Strategy 4: Dynamic Reallocation

Adjust budgets based on task complexity:

interface TaskComplexity {
  filesAffected: number;
  domainsInvolved: number;
  estimatedSteps: number;
}

function reallocateBudget(
  base: ContextBudget,
  complexity: TaskComplexity
): ContextBudget {
  const adjusted = { ...base };

  // Complex tasks need more dynamic space for conversation
  if (complexity.estimatedSteps > 10) {
    adjusted.tiers.dynamic += 20_000;
    adjusted.tiers.supplementary -= 20_000;
  }

  // Multi-domain tasks need more important context
  if (complexity.domainsInvolved > 2) {
    adjusted.tiers.important += 15_000;
    adjusted.tiers.supplementary -= 15_000;
  }

  // Many files: need more supplementary space
  if (complexity.filesAffected > 5) {
    adjusted.tiers.supplementary += 10_000;
    adjusted.tiers.critical -= 10_000;
  }

  return adjusted;
}

Measuring Budget Effectiveness

Metric 1: Utilization Efficiency

interface UtilizationMetrics {
  totalBudget: number;
  tokensUsed: number;
  tokensWasted: number;  // Low-density content
  utilization: number;   // tokensUsed / totalBudget
  efficiency: number;    // (tokensUsed - tokensWasted) / tokensUsed
}

function measureUtilization(
  content: ContentItem[],
  budget: ContextBudget
): UtilizationMetrics {
  const tokensUsed = content.reduce((sum, c) => sum + c.tokens, 0);
  const tokensWasted = content
    .filter(c => calculateDensity(c) < 1.5)
    .reduce((sum, c) => sum + c.tokens, 0);

  return {
    totalBudget: budget.total,
    tokensUsed,
    tokensWasted,
    utilization: tokensUsed / budget.total,
    efficiency: (tokensUsed - tokensWasted) / tokensUsed,
  };
}

// Target:
// utilization: 60-80% (leave room for dynamic content)
// efficiency: >80% (most tokens carry useful information)

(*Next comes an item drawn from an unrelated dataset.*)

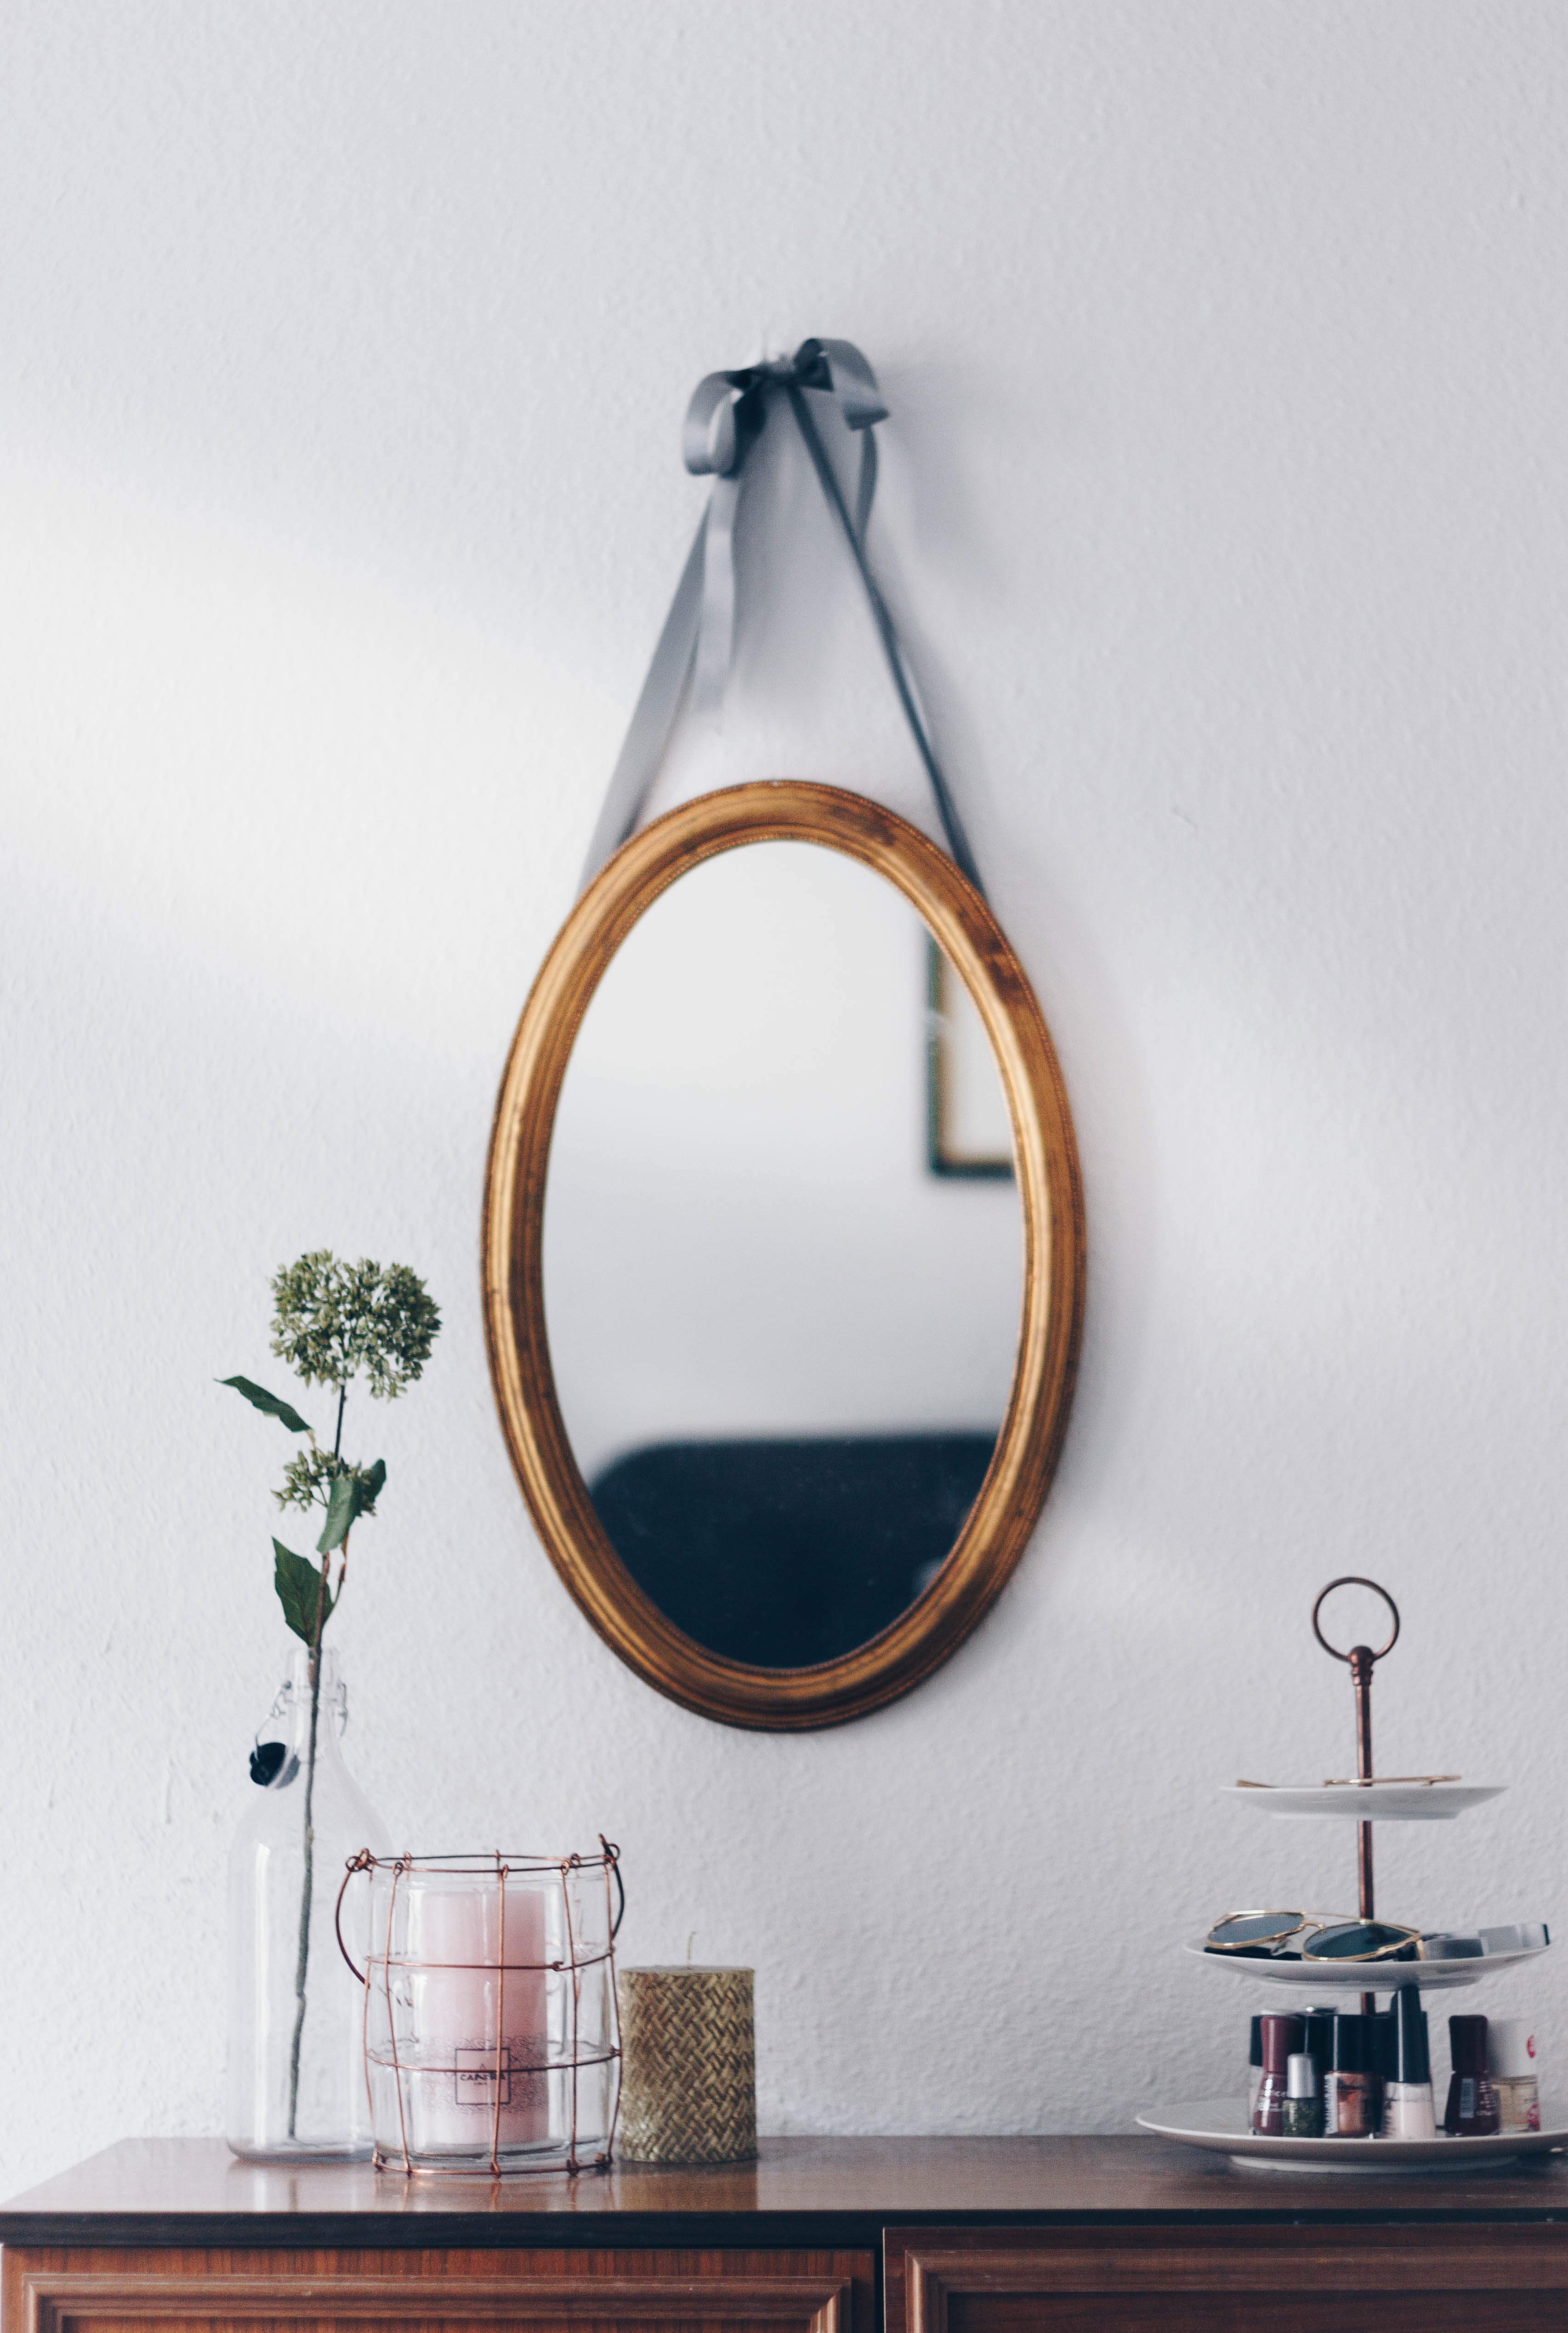 A mirror hanging above a table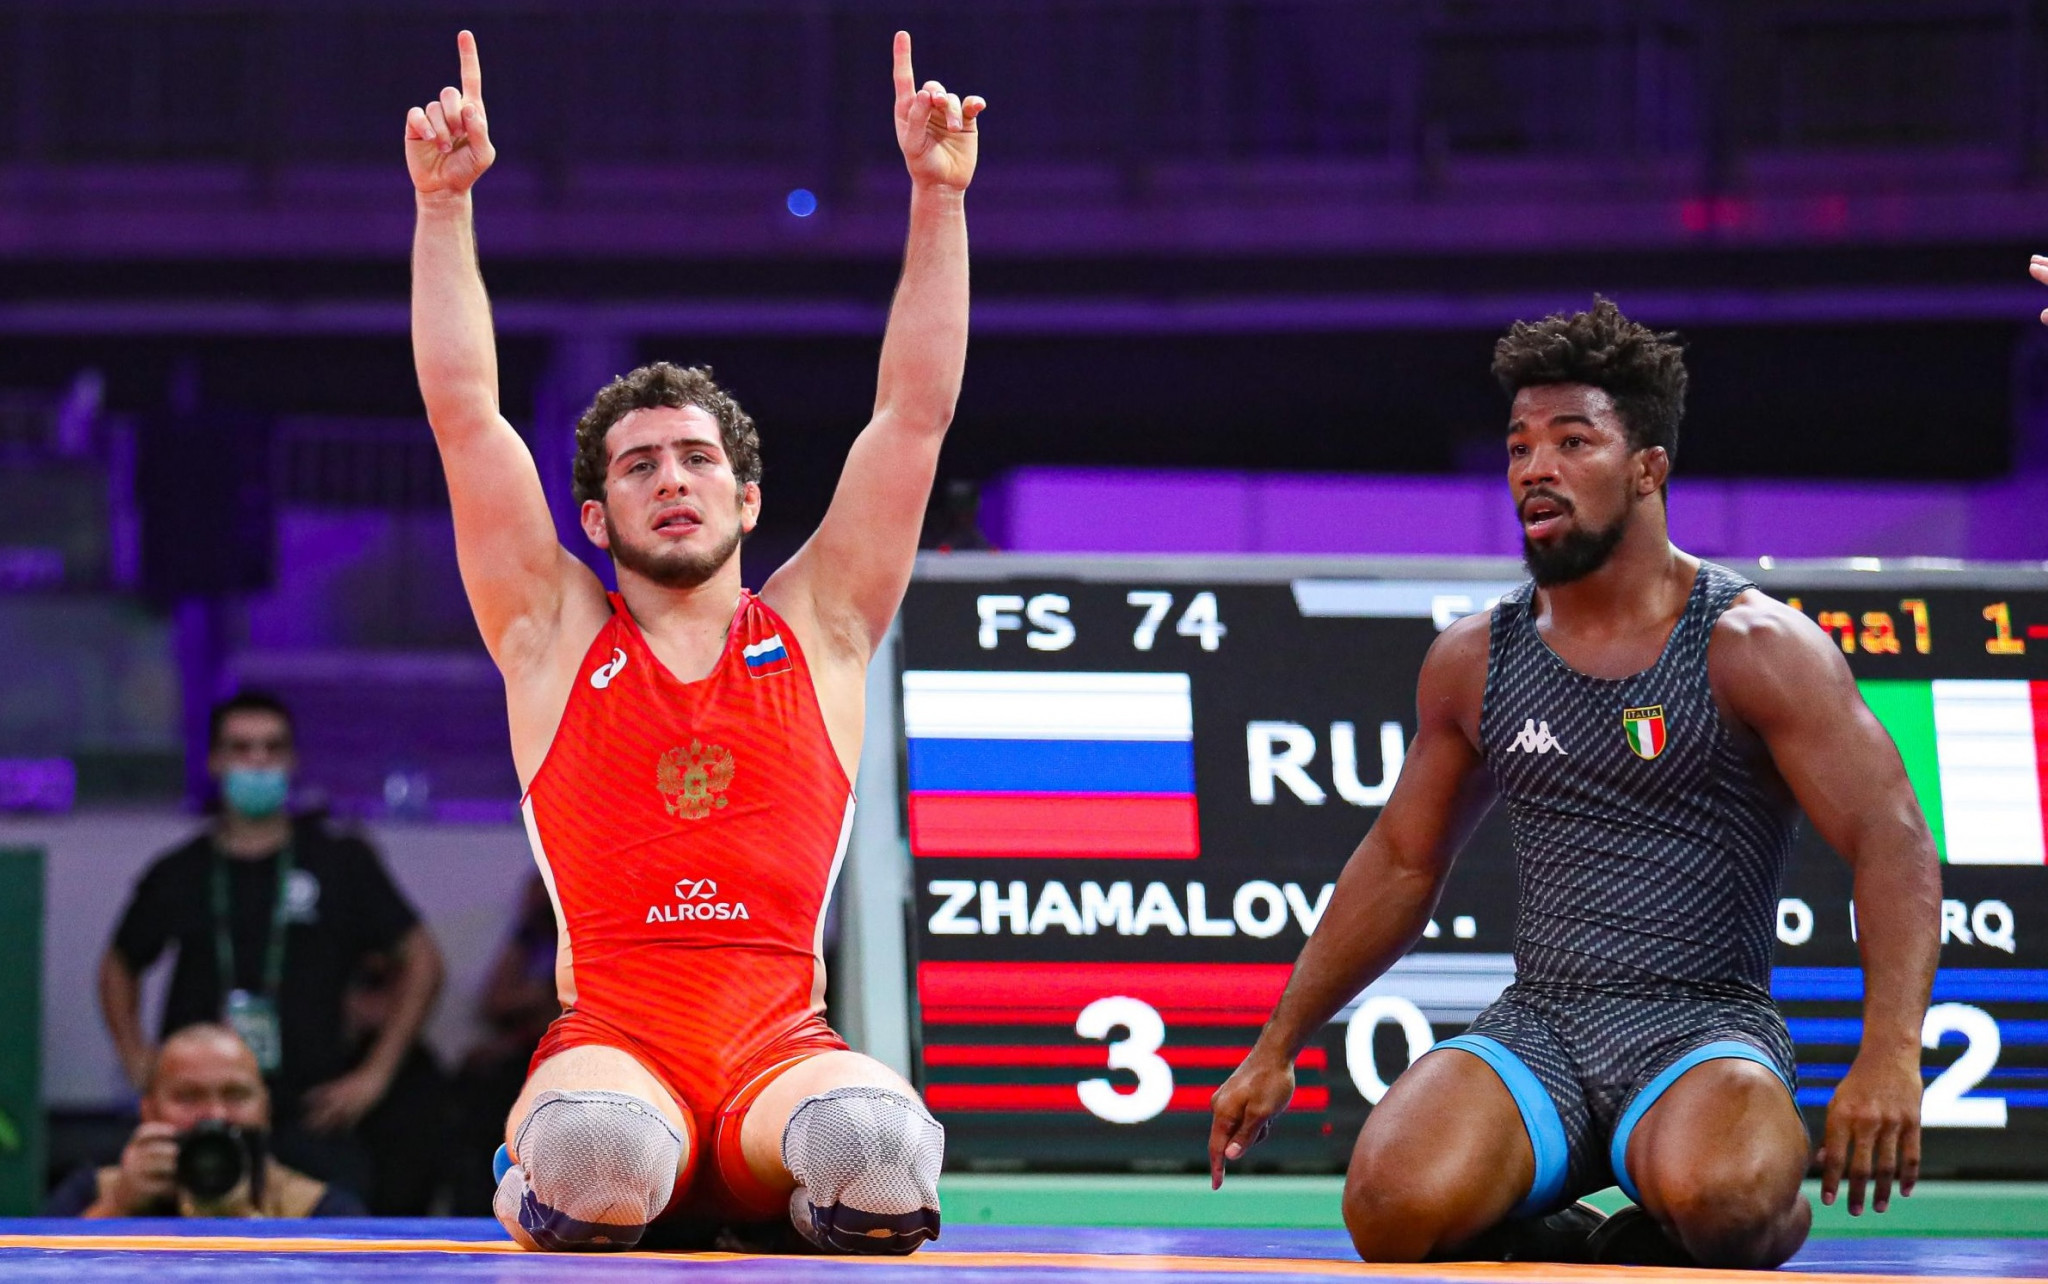 Razambek Zhamalov dramatically defeated Frank Chamizo Marquez in the 74kg category with a two-point action in the final seconds of the contest ©UWW

Metric 2: Context Relevance Score

interface RelevanceMetrics {
  totalItems: number;
  relevantItems: number;
  relevanceScore: number;  // relevantItems / totalItems
}

function measureRelevance(
  content: ContentItem[],
  task: Task
): RelevanceMetrics {
  const relevantItems = content.filter(item =>
    isRelevantToTask(item, task)
  );

  return {
    totalItems: content.length,
    relevantItems: relevantItems.length,
    relevanceScore: relevantItems.length / content.length,
  };
}

// Target: relevanceScore > 0.85 (85%+ of loaded content is relevant)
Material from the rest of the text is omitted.